/---

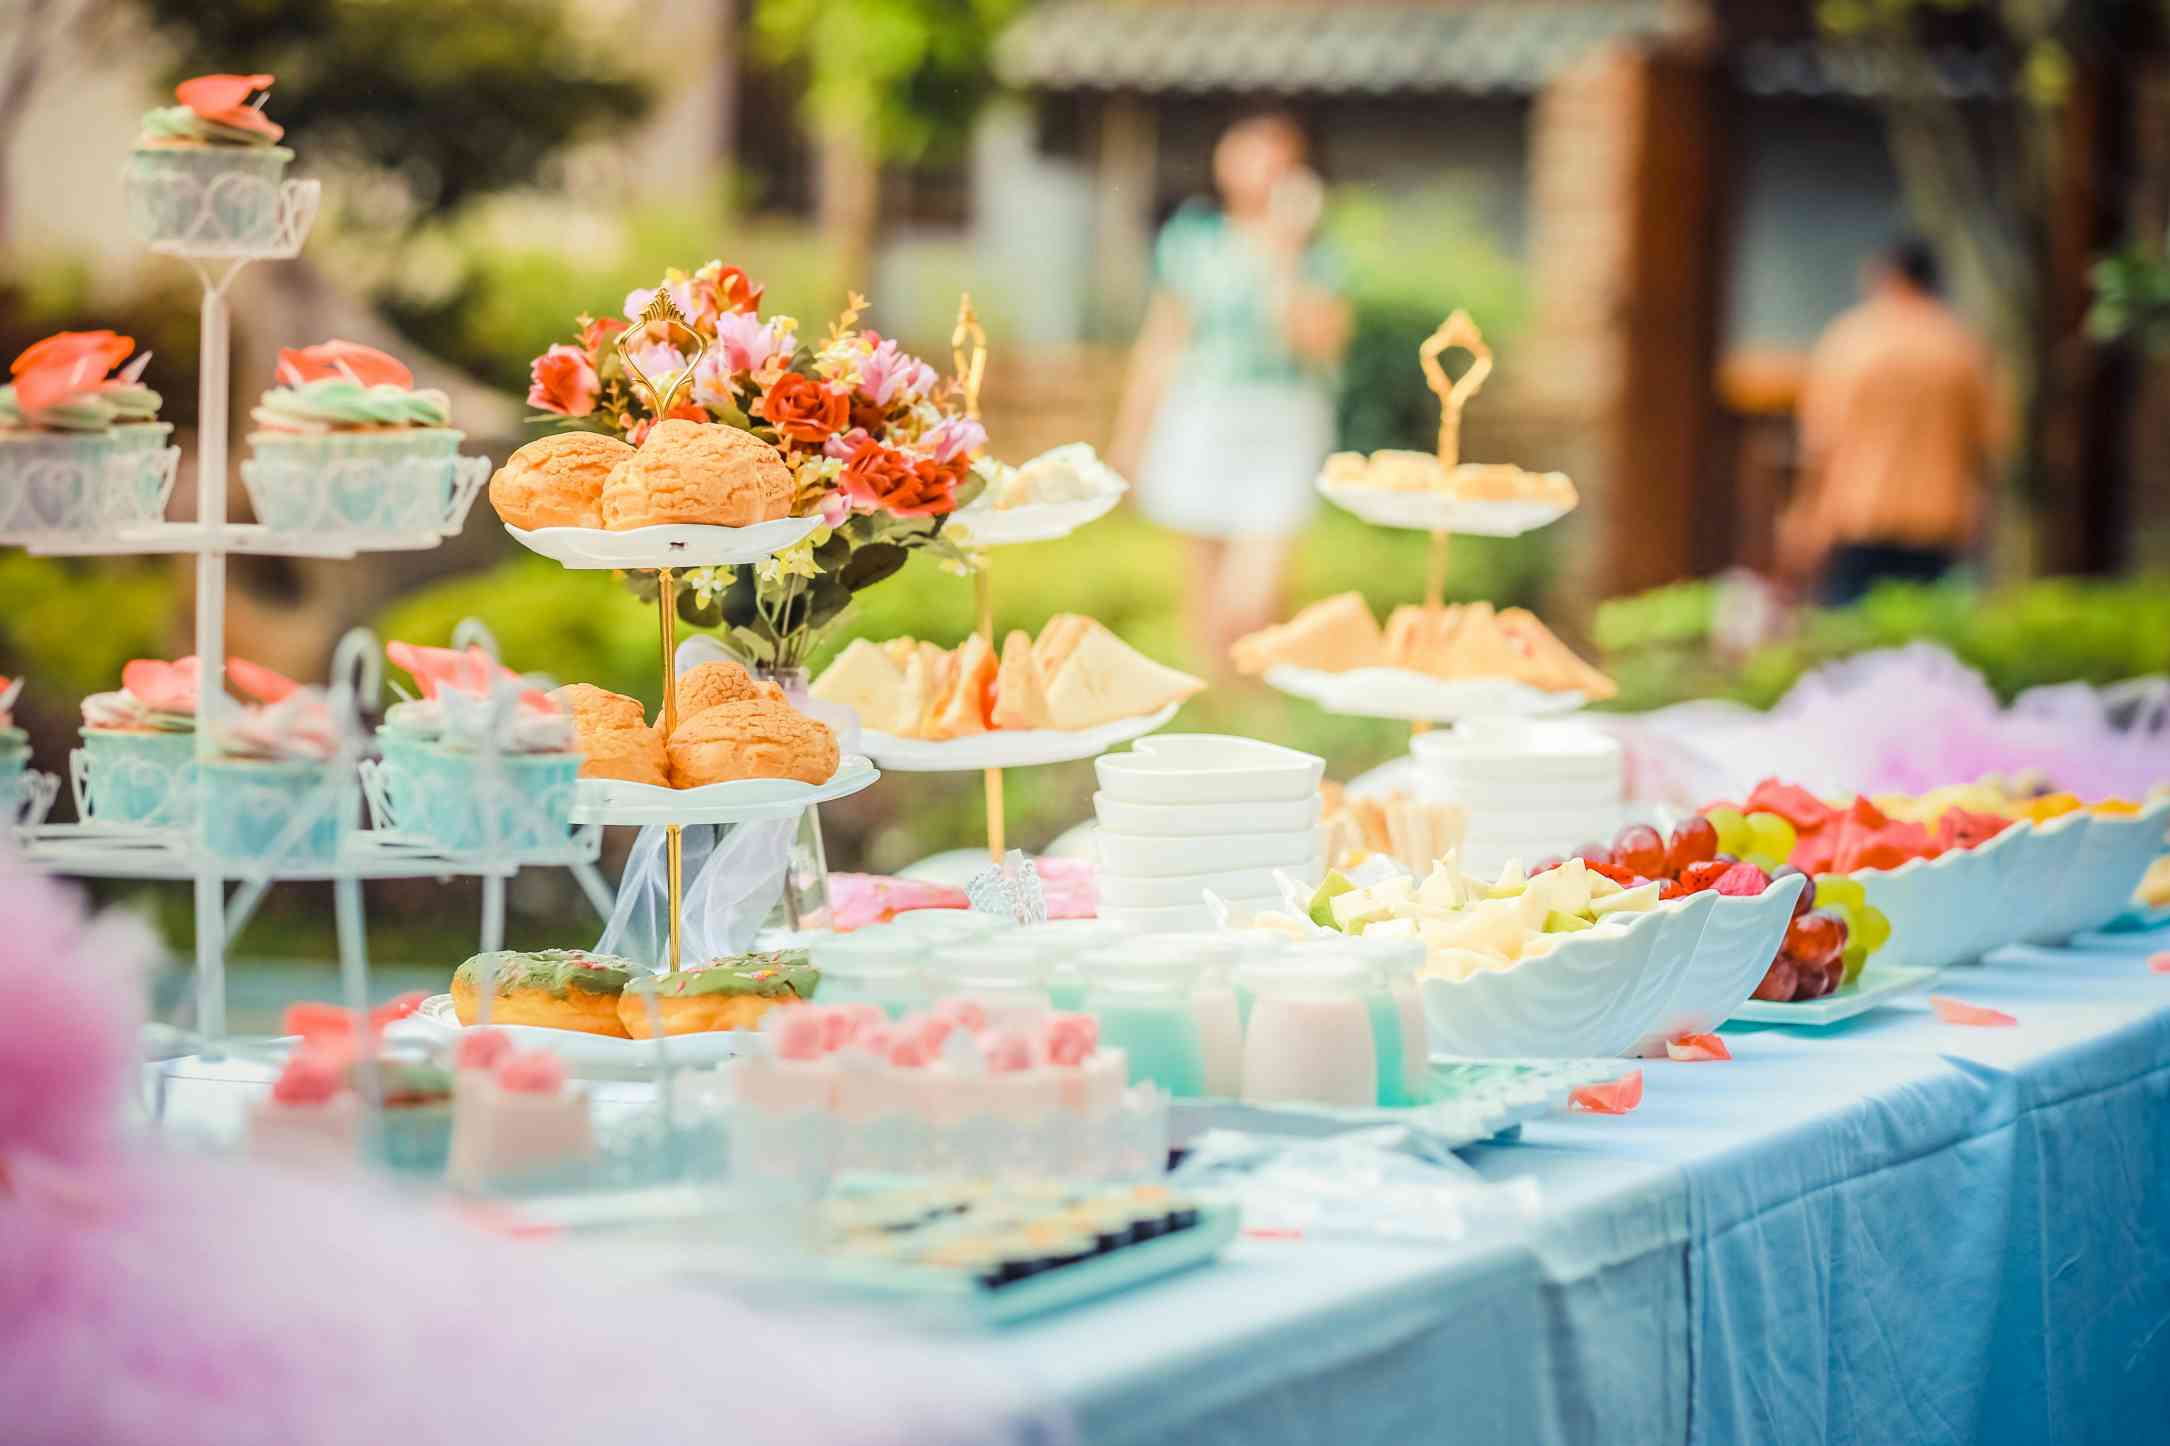 Ways to Serve Food During Your Wedding
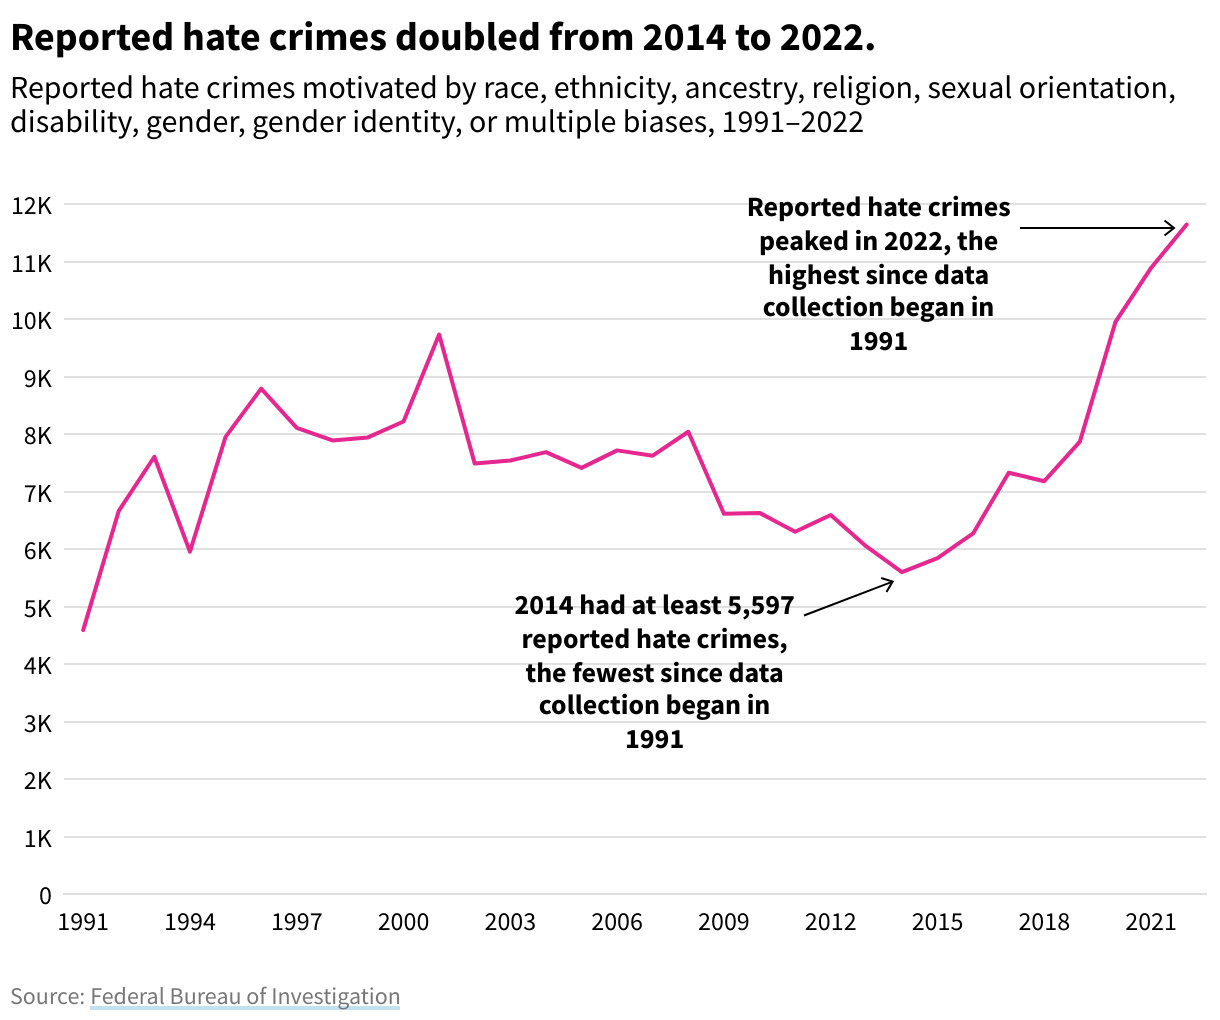 A line chart showing the number of reported hate crimes from 1991 to 2022
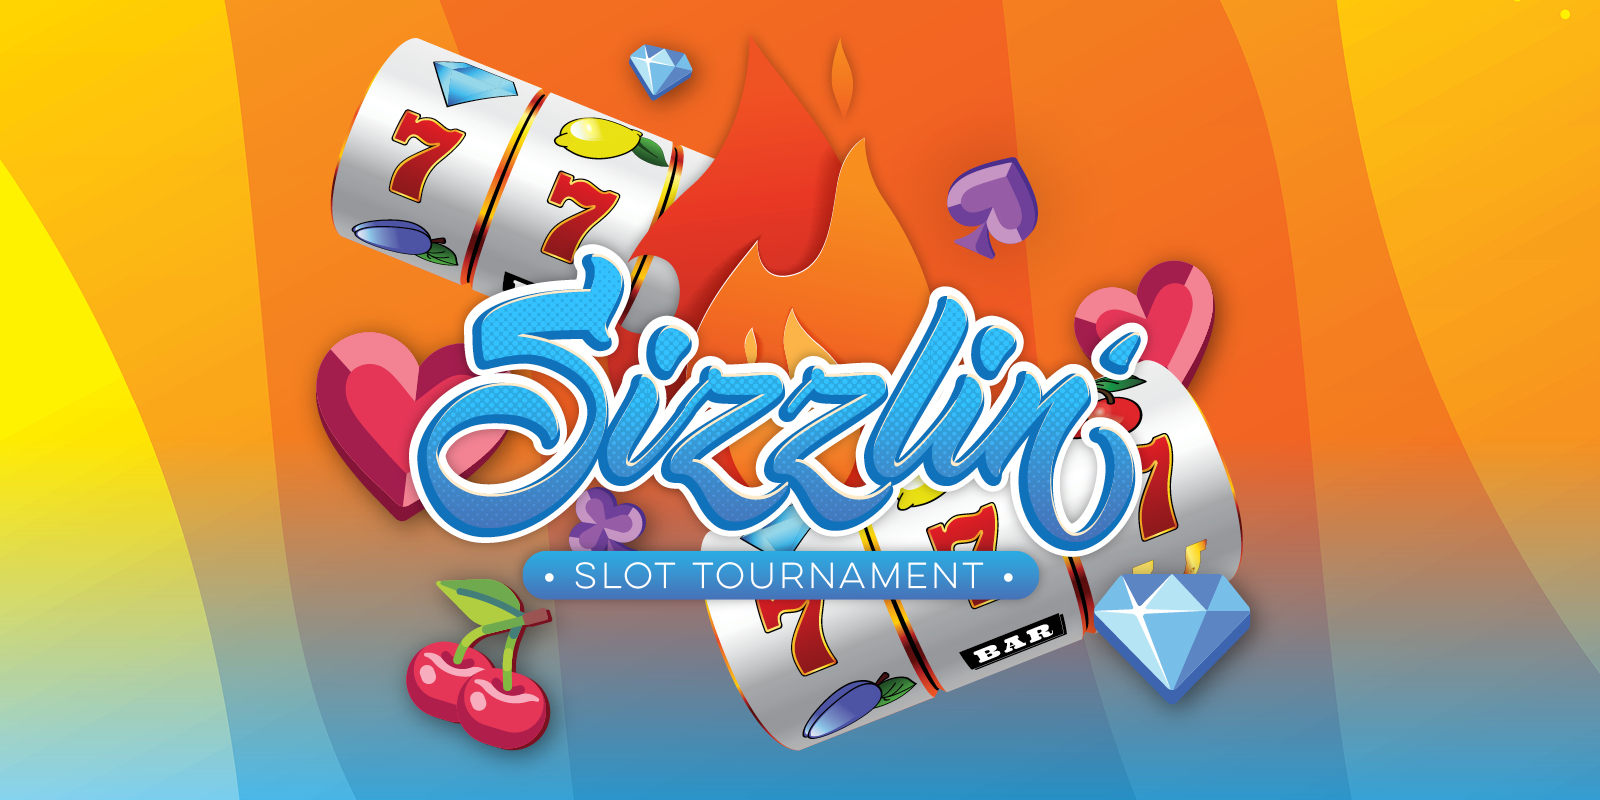 Creative for Sizzlin' Slot Tournament in September showing 7's on reelse diamons and cherries falling from the sky with a bright and vibrant summer vibe

\---

● Problem details: Print the data above exactly; drop every picture.

● Answer to the exercise:
 Ways to Serve Food During Your Wedding
 A line chart showing the number of reported hate crimes from 1991 to 2022
 Creative for Sizzlin' Slot Tournament in September showing 7's on reelse diamons and cherries falling from the sky with a bright and vibrant summer vibe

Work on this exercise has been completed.